The Angel of Decay, by Jeremy Jarvis.

The Libris Mortis art staff comprises Dawn Murin as art director, Dee Barnett, Dawn Murin and Trich Yochum as graphic designers. The graphic production specialist was Angelika Lokotz, with Candice Baker as image technician. Cartography was provided by Dennis Kauth, with the cover designed by Tom Kidd. Interior illustrations were provided by Thomas Baxa, Steve Belledin, Jeff Easley, Steve Ellis, Wayne England, Emmanuelle Hunter, Jeremy Jarvis, Chuck Lukacs (who provided the images for the start of each chapter), David Martin, Michael Phillippi, Steve Prescott, Wayne Reynolds and Brian Snoddy. The artwork was praised by Mike MacKenzie of RPGnet, who said that "the art is good. Its re-assuring to see the quality we expect from WotC in this department." He criticized the "unintentionally goofy" images of the Mohrg Barbarian and Wight archer, but commended the "sepia-tinged" work of Wayne England as fitting the book's mood. The work by Chuck Lukacs was also praised, as were the images by Jeremy Jarvis. Jarvis' Angel of Decay and Atropal Scion were said to be "just as creepy as we would expect".

==Reception==
Libris Mortis was generally received positively by reviewers. Mike MacKenzie, of RPGnet, gave the book a 5/5 for style and a 4/5 for substance, with the summary comment: "As a DM, I personally think this is a great (creepy) book, especially the first and last chapters, and there is some good crunch to be found." Casey Smith, of D20 Magazine Rack, gave the book 80% "reviewer opinion", averaging with other scores to give an overall grade of 82%. Kenneth Newquist, of Nuketown, gave Libris Mortis a rating of 9/10, with the comment "Libris Mortis isn't an essential source book, but it is a useful one." The Nuketown podcast gave the book 8/10, saying it was "good, but not essential. Worth picking up for anyone for whom the undead play a major role in their campaign." Vincent Venturella, of Flames Rising Dot Com, gave the book 3/5 for style, 5/5 for substance and 4/5 overall.

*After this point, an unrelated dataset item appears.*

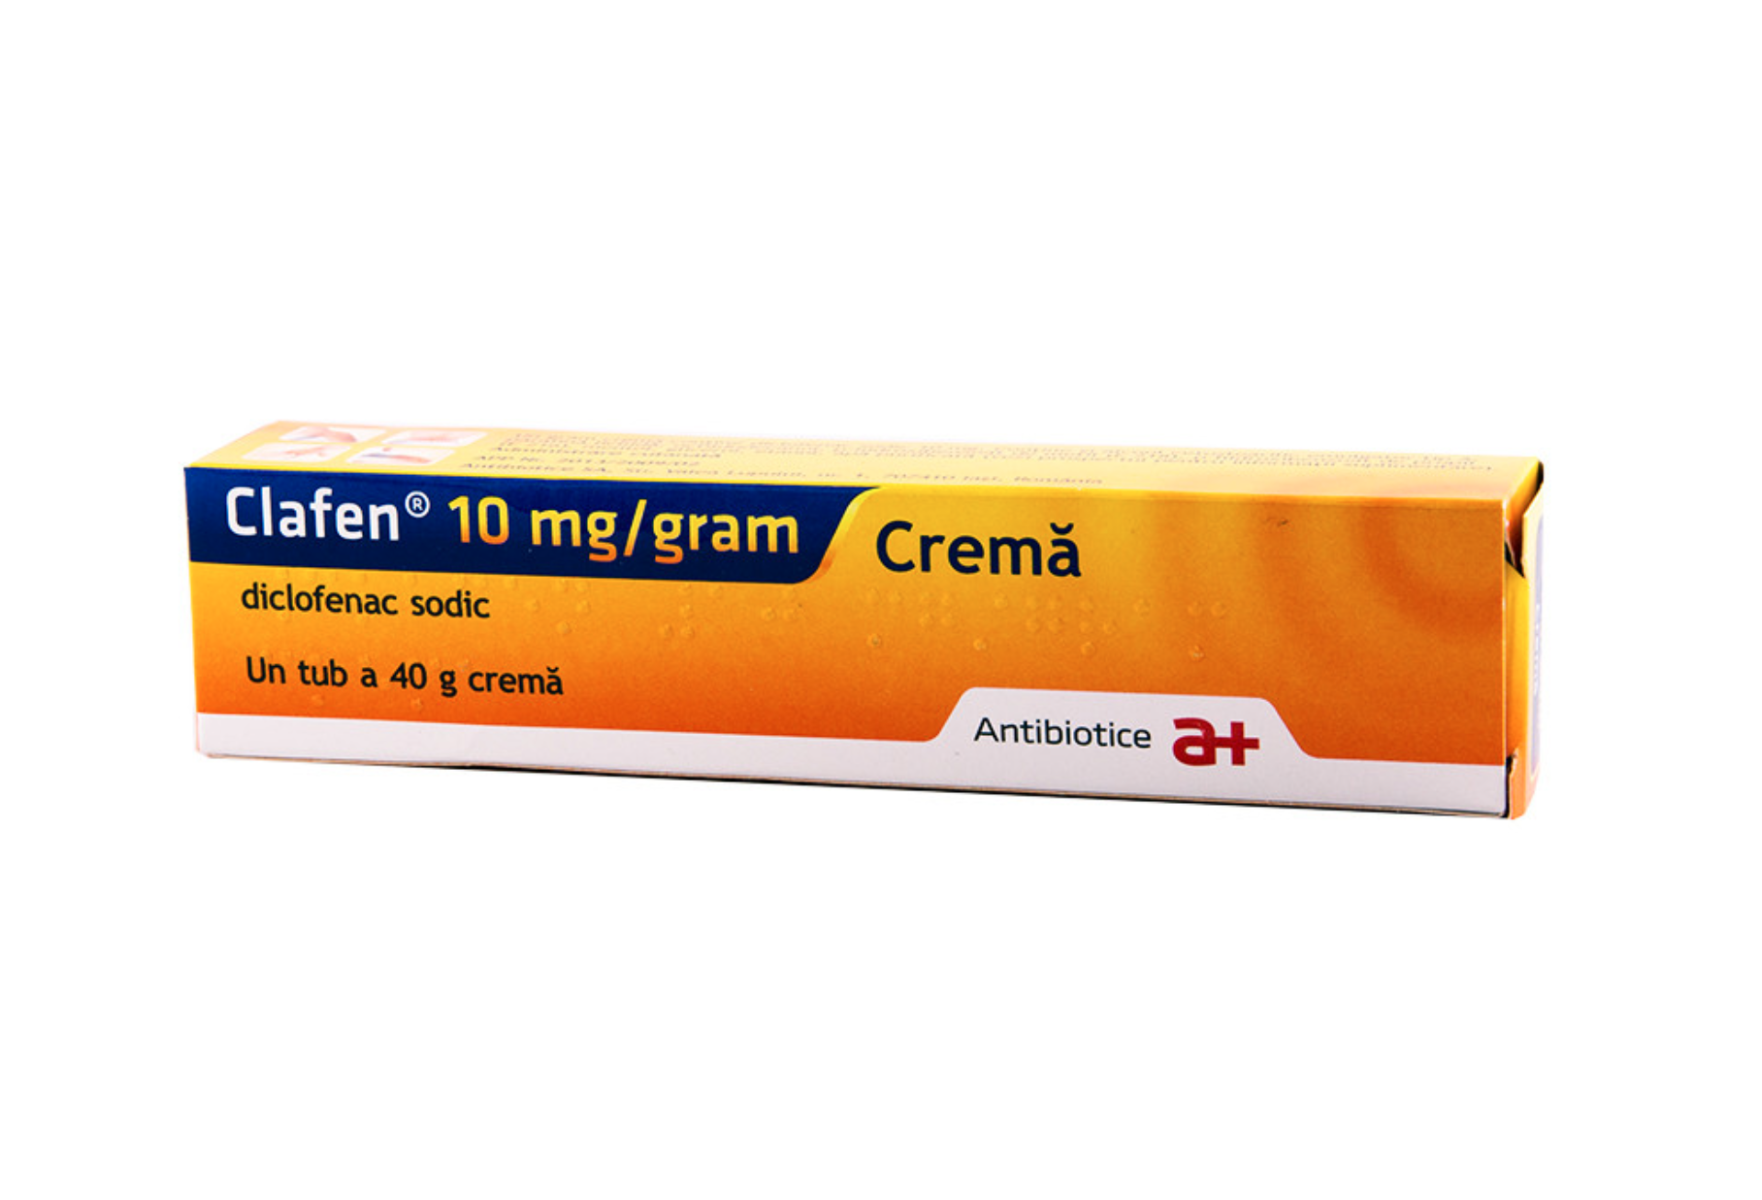 Dureri musculare - Clafen® 10 mg/gram, crema 40g, Antibiotice, sinapis.ro

The reviewer from Pyramid commented: "There's a little more campaign advice here than in previous Wizards of the Coast products, though not a whole lot. You get a short introduction to what undead are and how they unlive, eat (eww), and procreate. Theories on whence they come, examples of cities and religions for the cosmopolitan zombie, and advice on strategy when facing (or being) the dead (especially the self-aware threats) make good reading, but these are sadly brief."